*PROBLEM DETAILS*.
Would you repeat the listing exactly but omit every picture?

*DATASET EXTRACT*.
####################

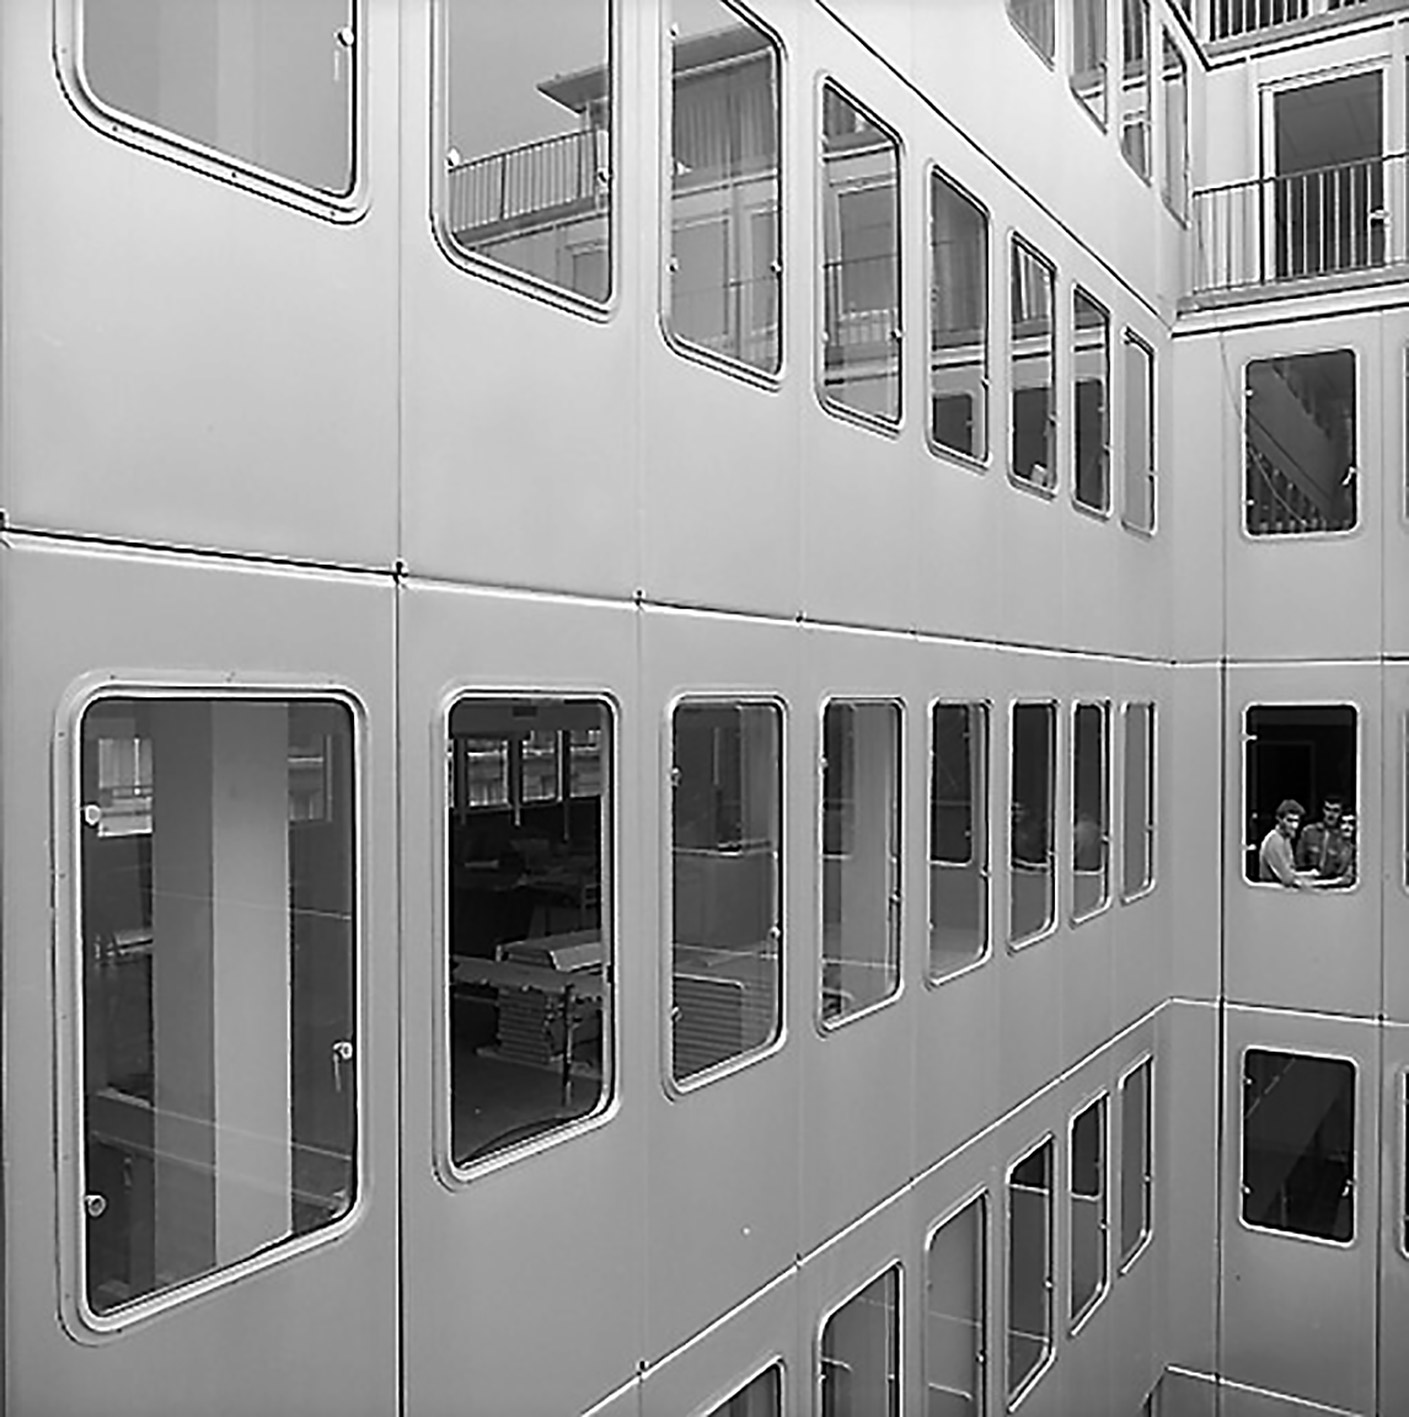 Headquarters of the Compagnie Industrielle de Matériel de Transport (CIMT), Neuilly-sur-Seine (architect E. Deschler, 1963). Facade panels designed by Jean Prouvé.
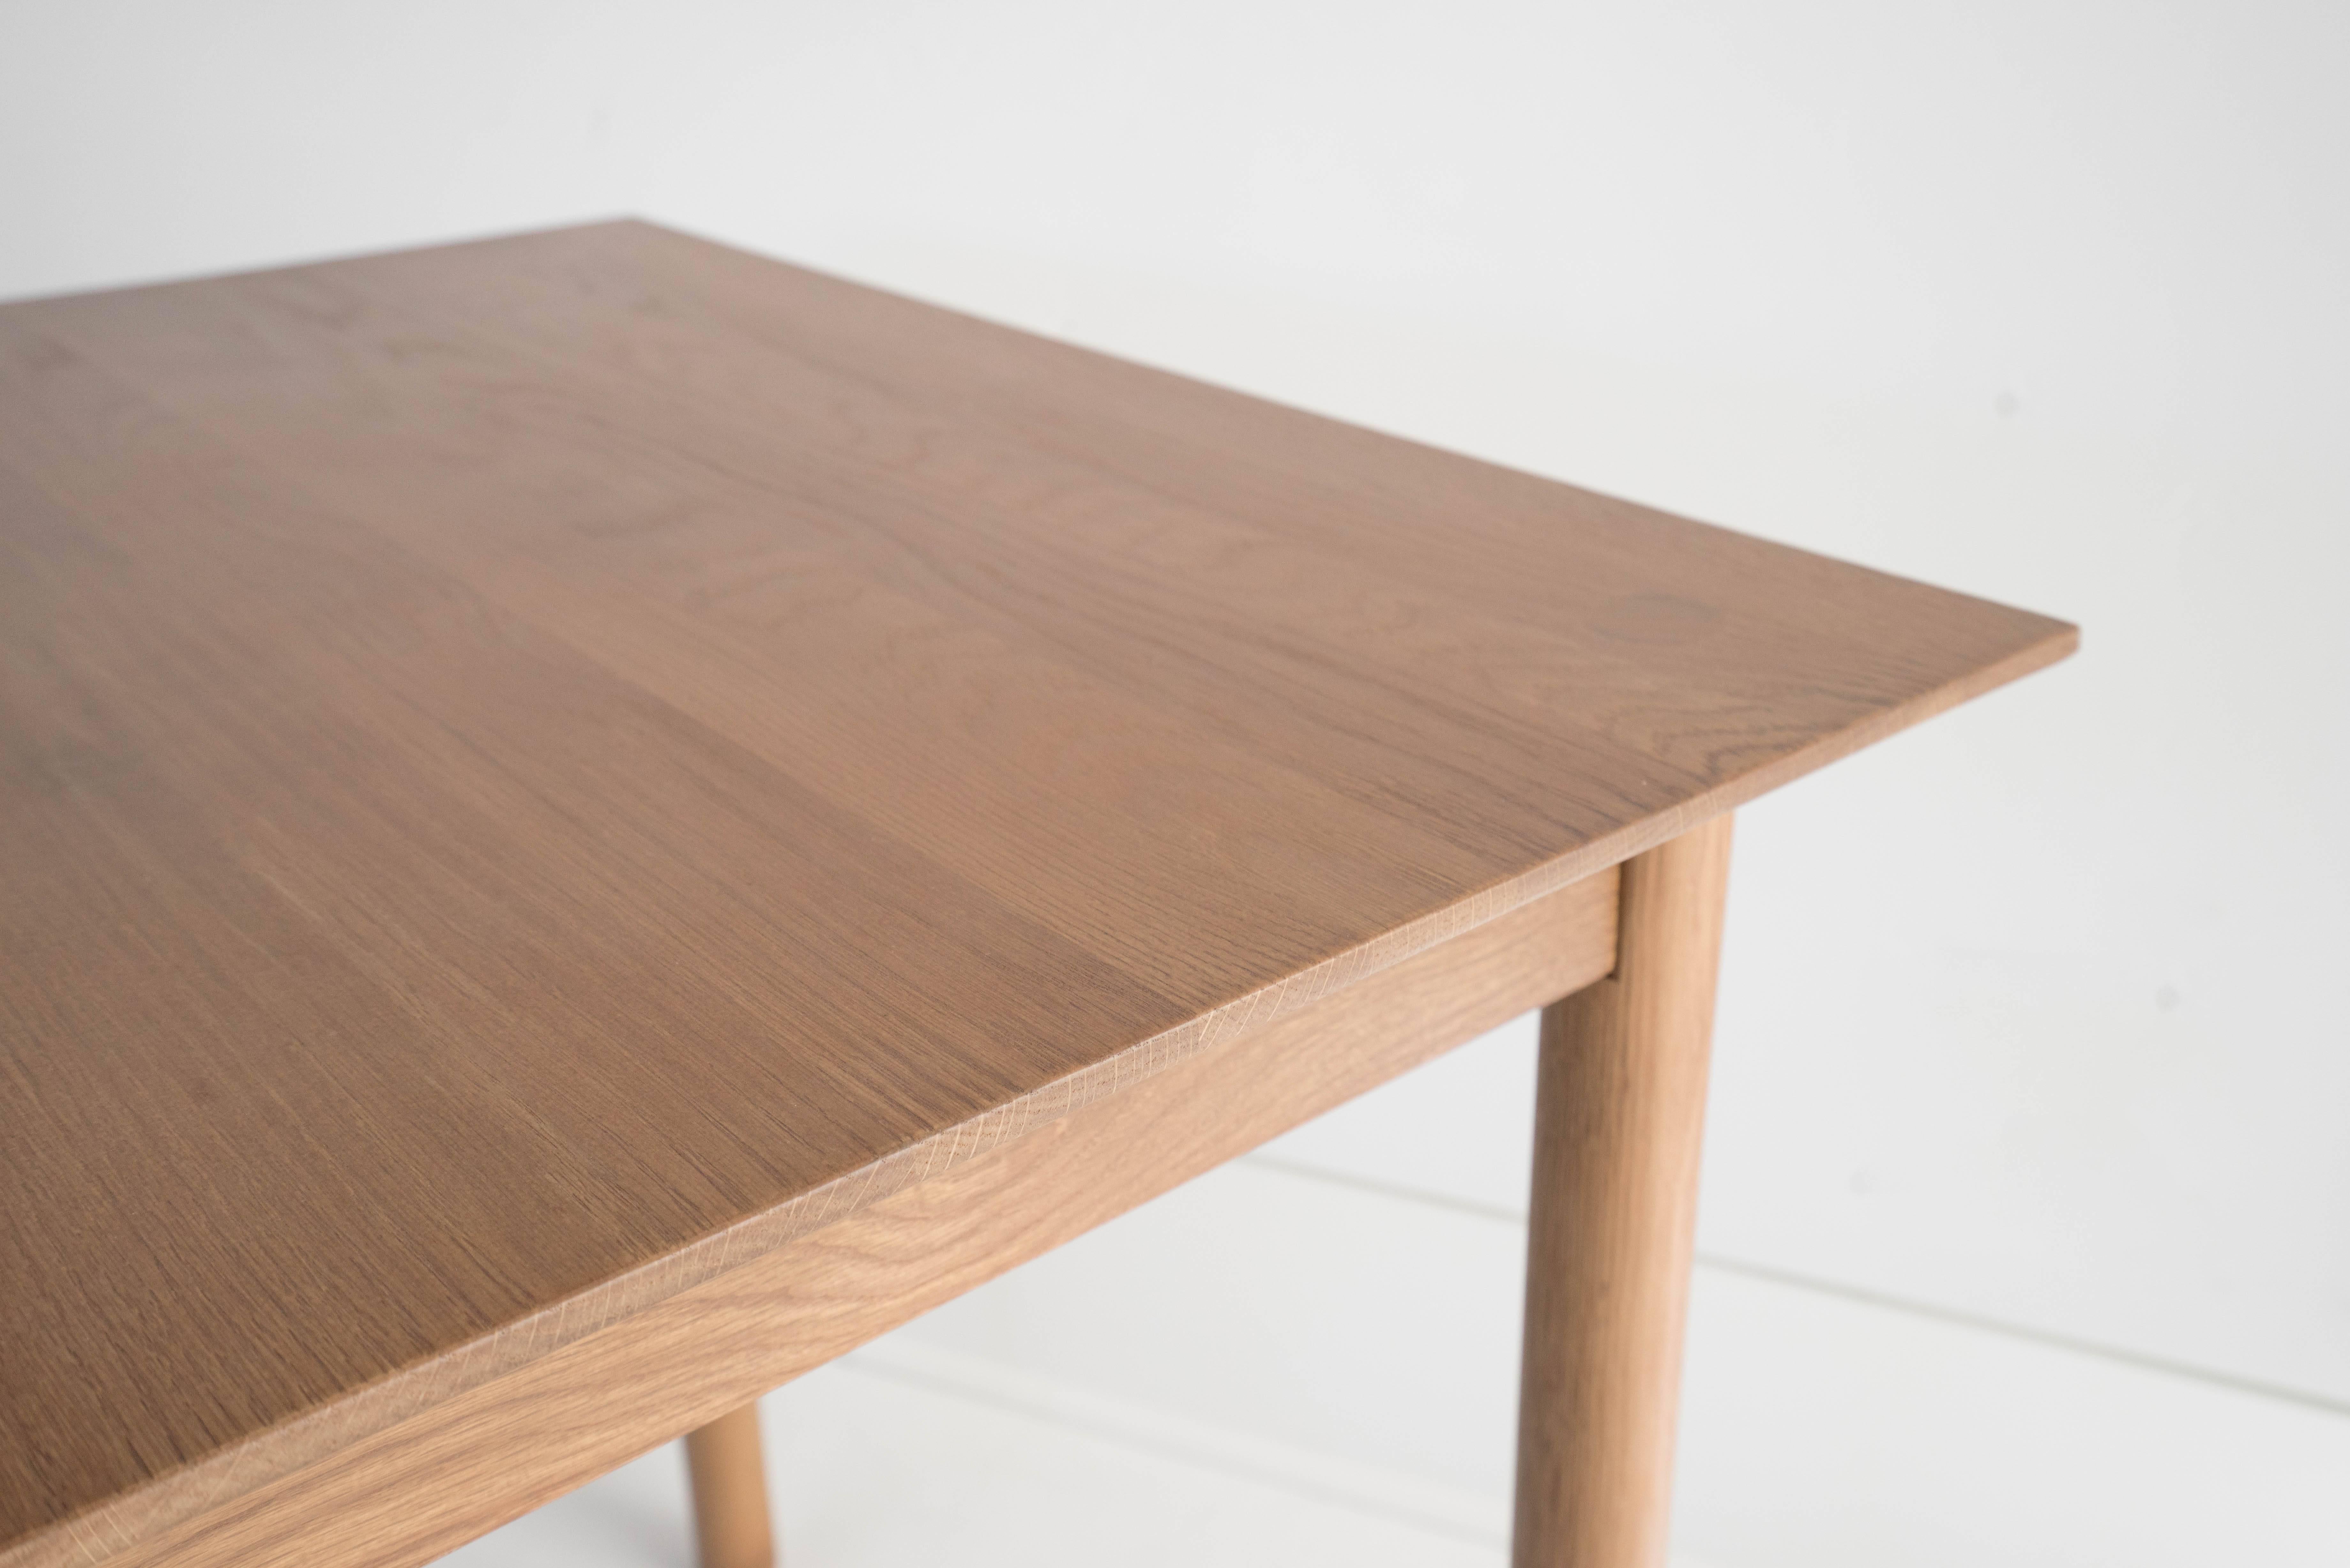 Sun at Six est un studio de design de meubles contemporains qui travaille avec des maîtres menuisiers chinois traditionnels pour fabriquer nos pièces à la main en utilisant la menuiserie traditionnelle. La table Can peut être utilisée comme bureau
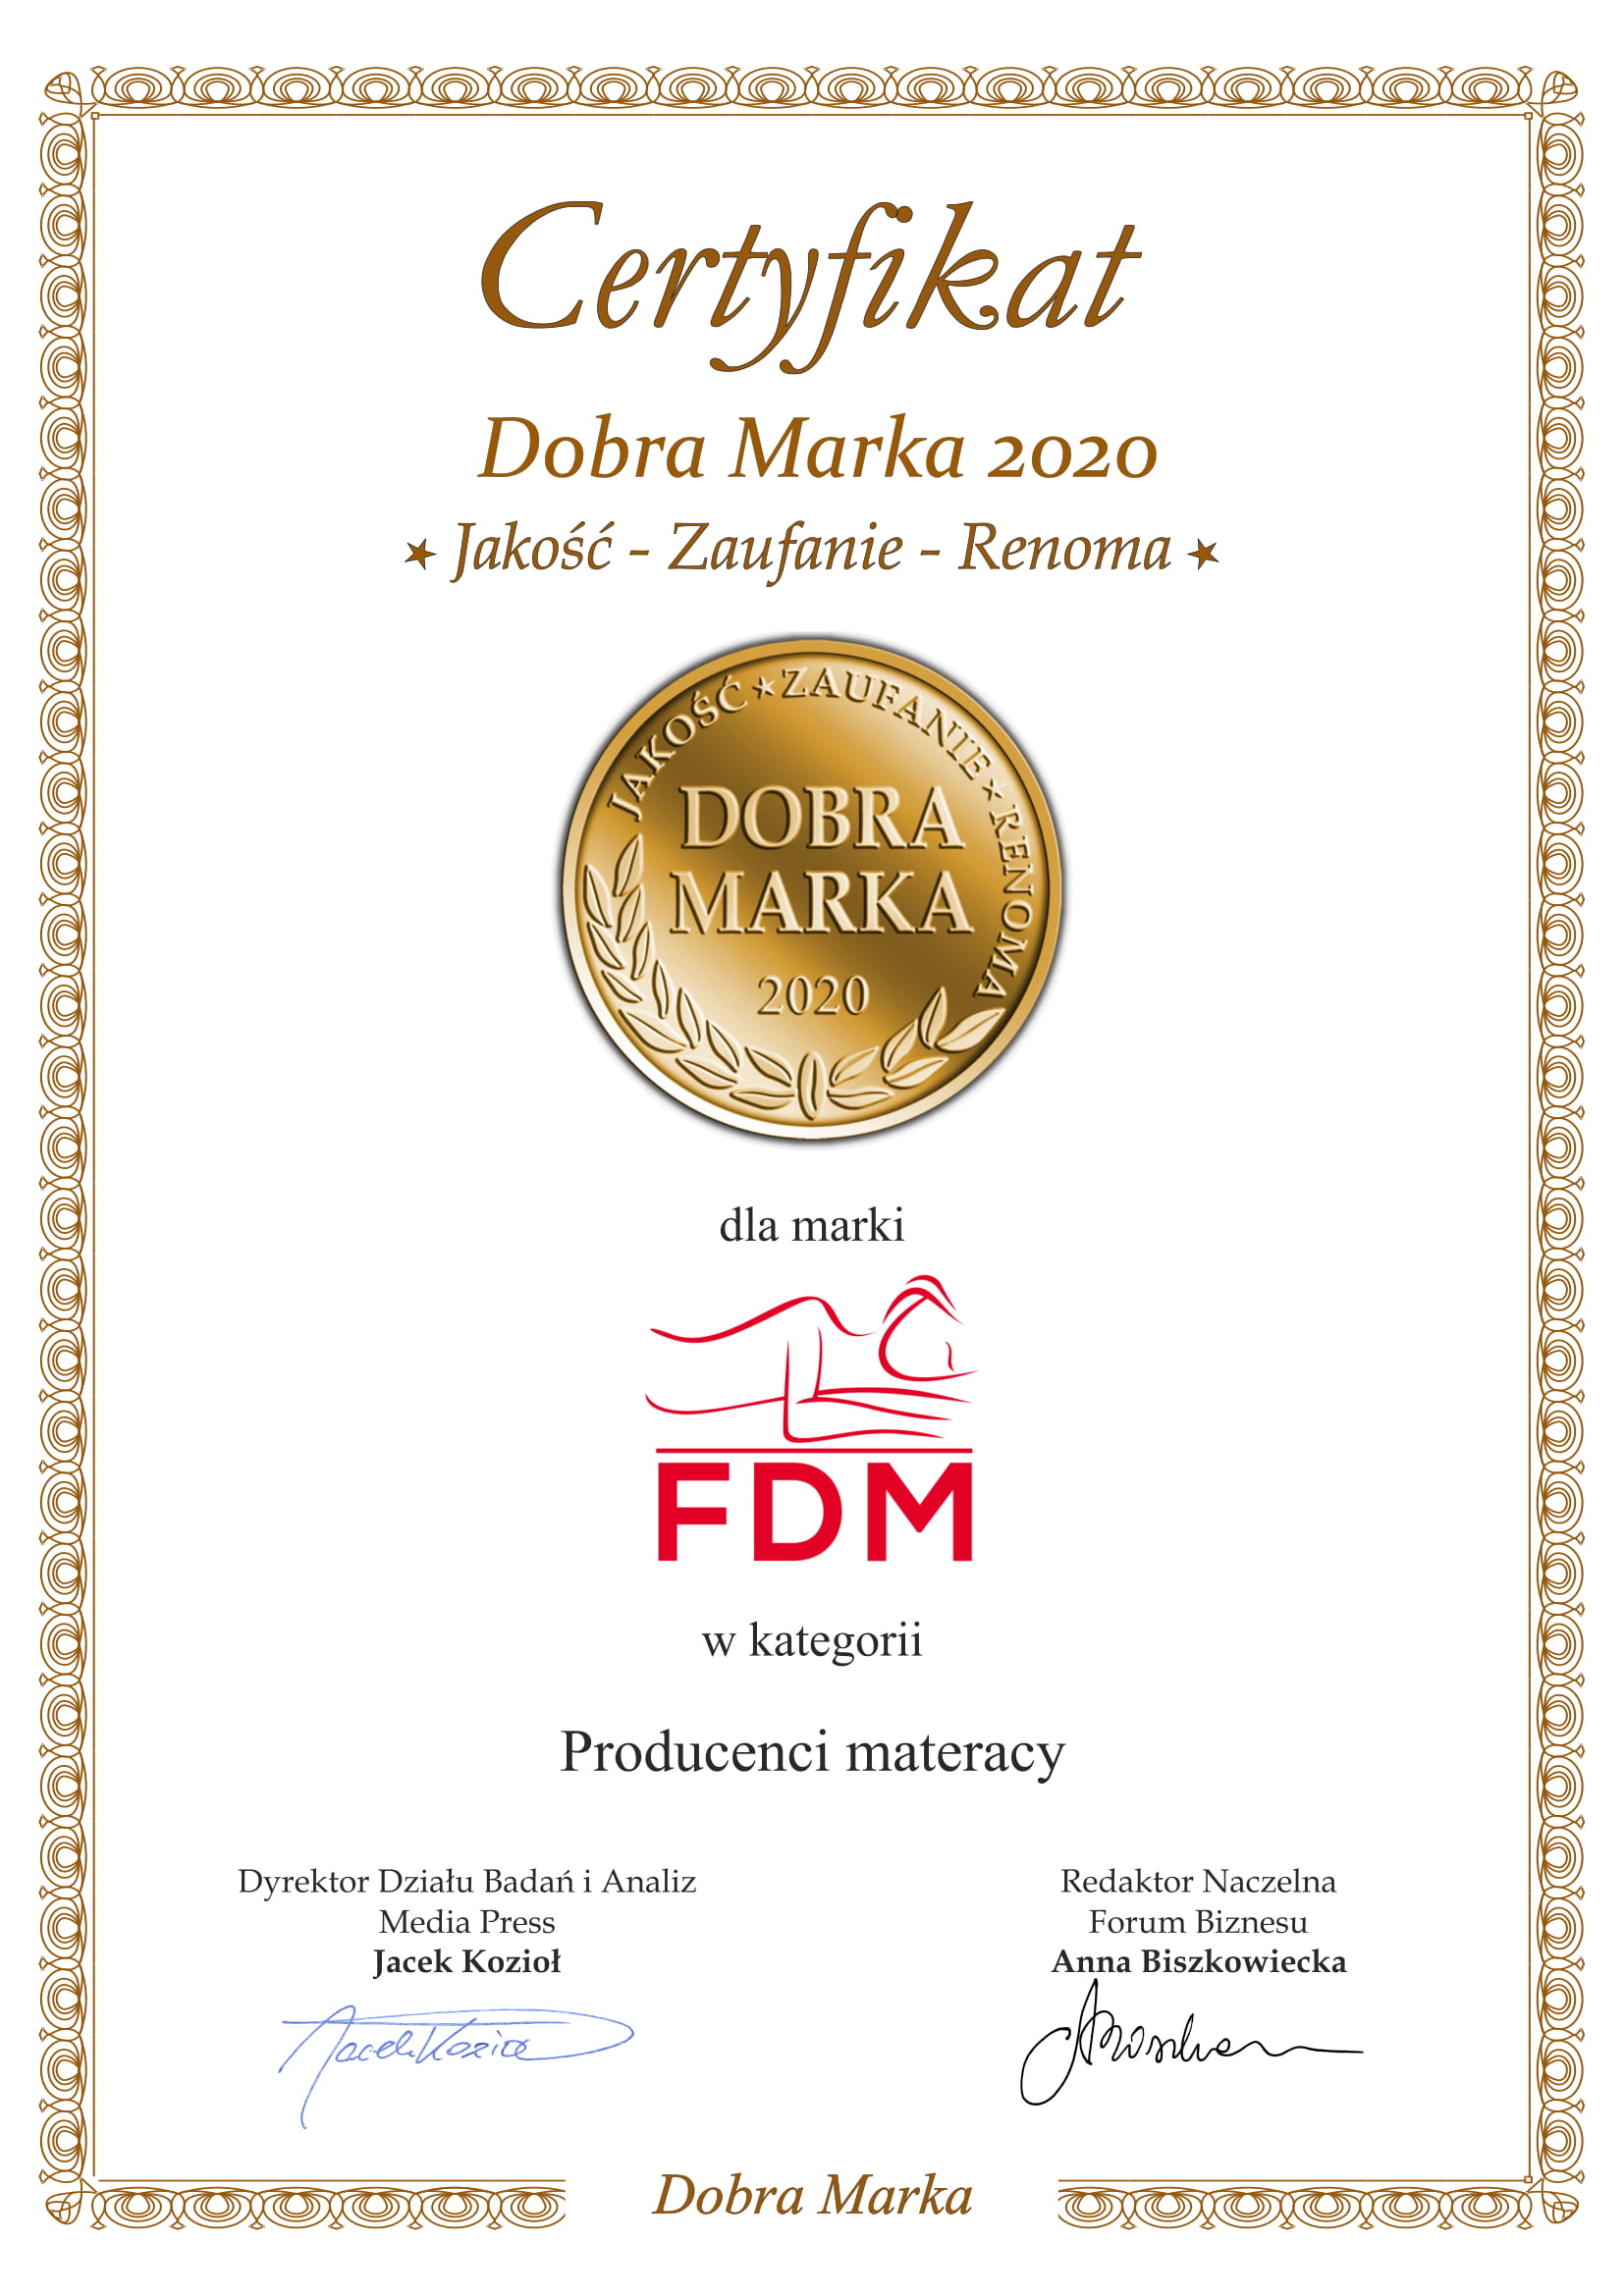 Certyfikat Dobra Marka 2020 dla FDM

####################

*RESULT*.
 Headquarters of the Compagnie Industrielle de Matériel de Transport (CIMT), Neuilly-sur-Seine (architect E. Deschler, 1963). Facade panels designed by Jean Prouvé.
 Sun at Six est un studio de design de meubles contemporains qui travaille avec des maîtres menuisiers chinois traditionnels pour fabriquer nos pièces à la main en utilisant la menuiserie traditionnelle. La table Can peut être utilisée comme bureau
 Certyfikat Dobra Marka 2020 dla FDM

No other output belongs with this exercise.